The six modulation parameters $(\gamma_a, \beta_a, \alpha_a, \gamma_m, \beta_m, \alpha_m)$ are produced by a small MLP from the conditioning vector $\mathbf{c} = \text{embed}(t) + \text{embed}(y)$. LayerNorm has its own affine disabled — scale and shift are entirely data-dependent.

Why adaLN-Zero?

adaLN: LayerNorm's scale and shift come from the conditioning vector, not learned per-layer. Gating: a learnable $\alpha$ on each residual. Zero init: the modulation MLP is initialised to zero, so every block starts as identity. The model gradually un-zeros it as it figures out what each block should do. This is empirically essential for stable early training.

Why Not Cross-Attention?

Cross-attention adds parameters and computation at every layer. adaLN-Zero only needs a small MLP per block. For sequence-independent conditioning (a single time + class vector) modulation is sufficient. Production text-conditional DiT models (SD3, Sora) add a small text cross-attention back for the text branch, but use adaLN-Zero for everything else.

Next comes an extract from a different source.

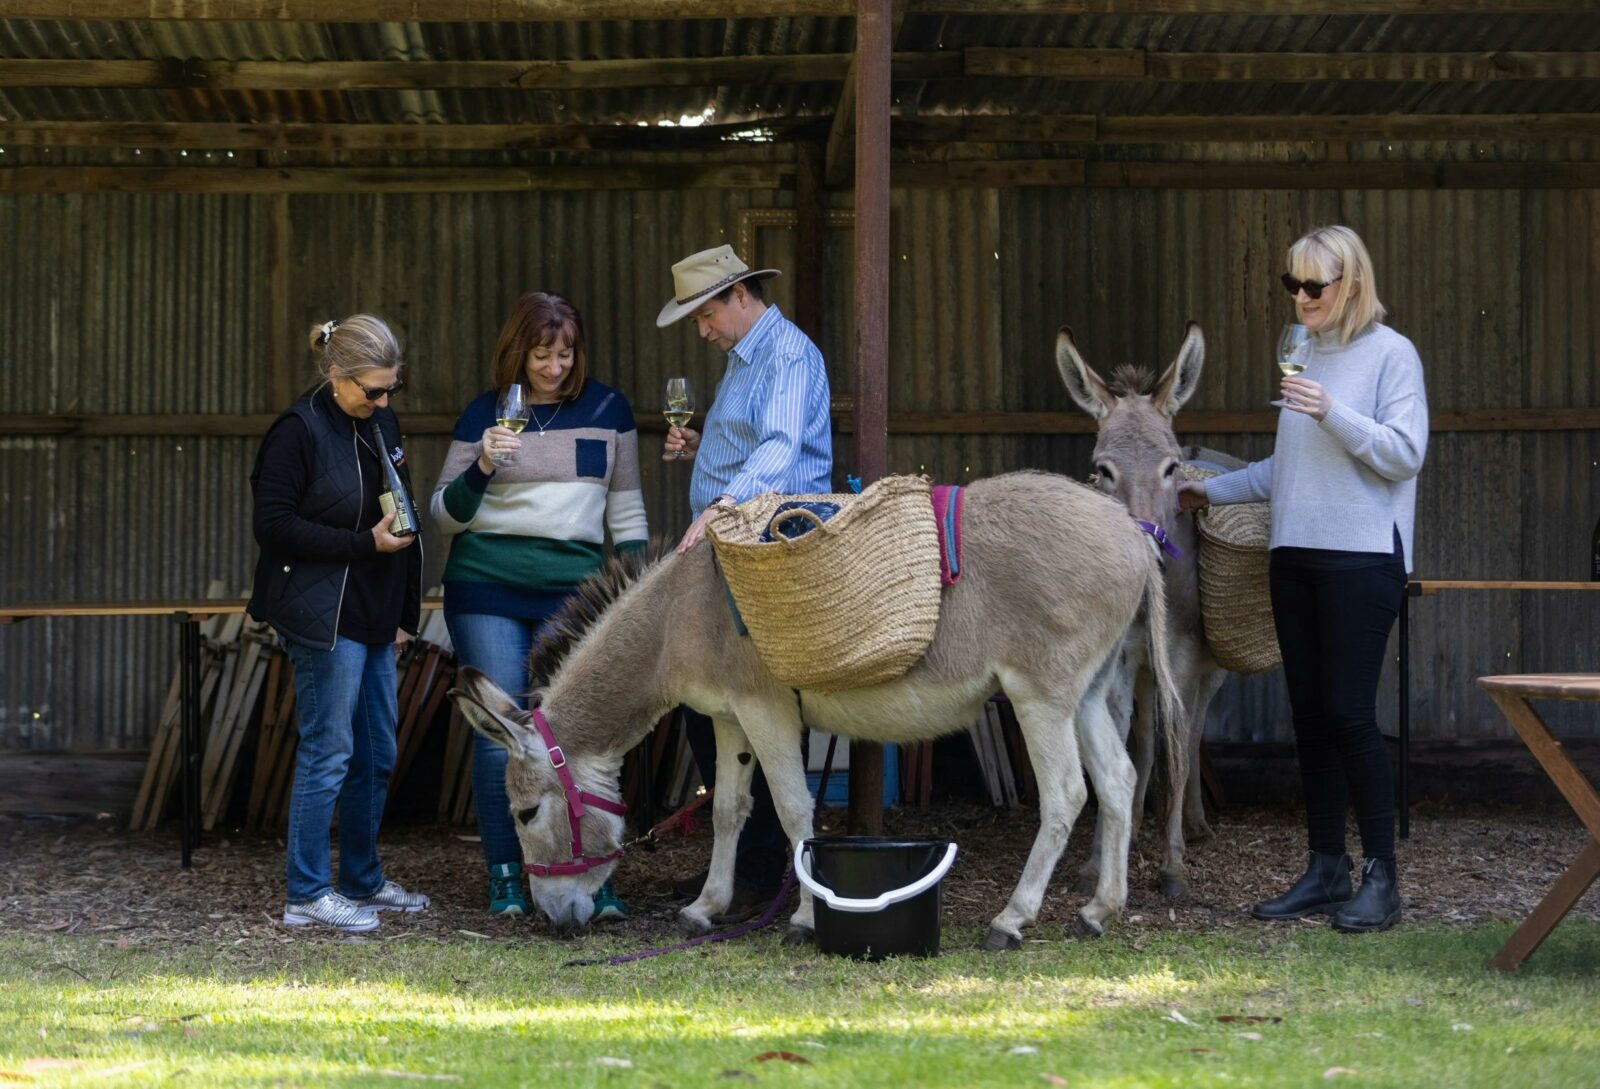 People enjoying wine tasting accompanied by two donkeys
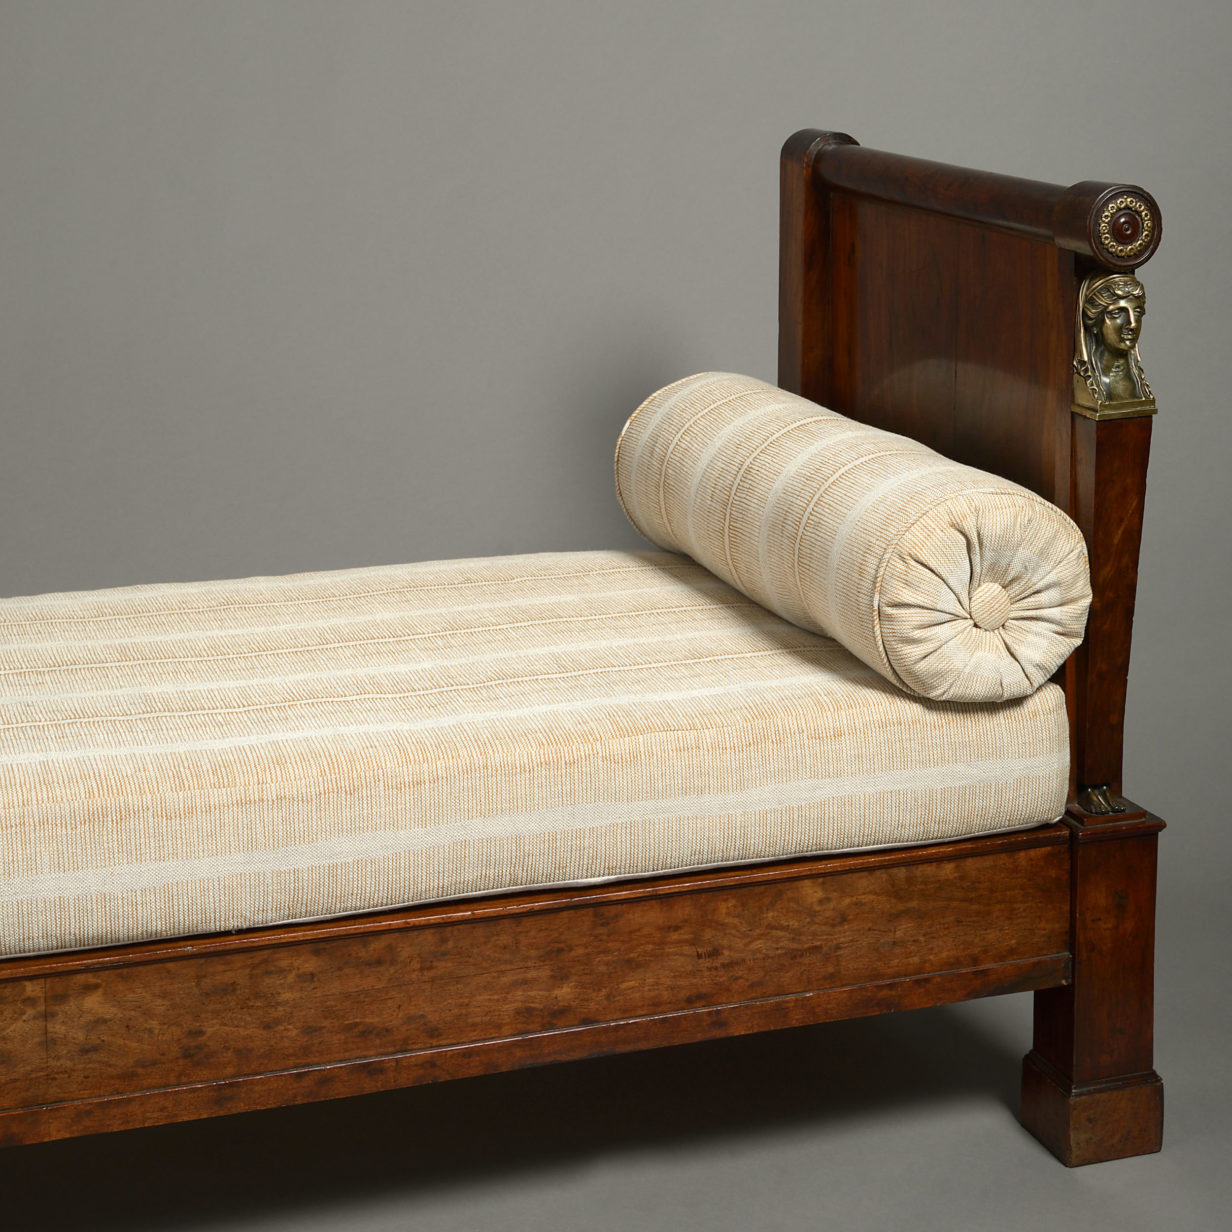 An Early 19th Century Empire Period Mahogany Day Bed

Inductive Bias as a Resource

U-Nets bake in three priors: locality, translation equivariance, multi-scale processing. These are correct for natural images and let a U-Net learn good image structure from very little data.

DiT has none of these. It must learn them from data. With small datasets this is a disadvantage. With large datasets it is an advantage — the model is free to learn whatever bias the data actually wants, including ones a U-Net could not represent. The crossover is empirical: somewhere around several million images at modern resolutions.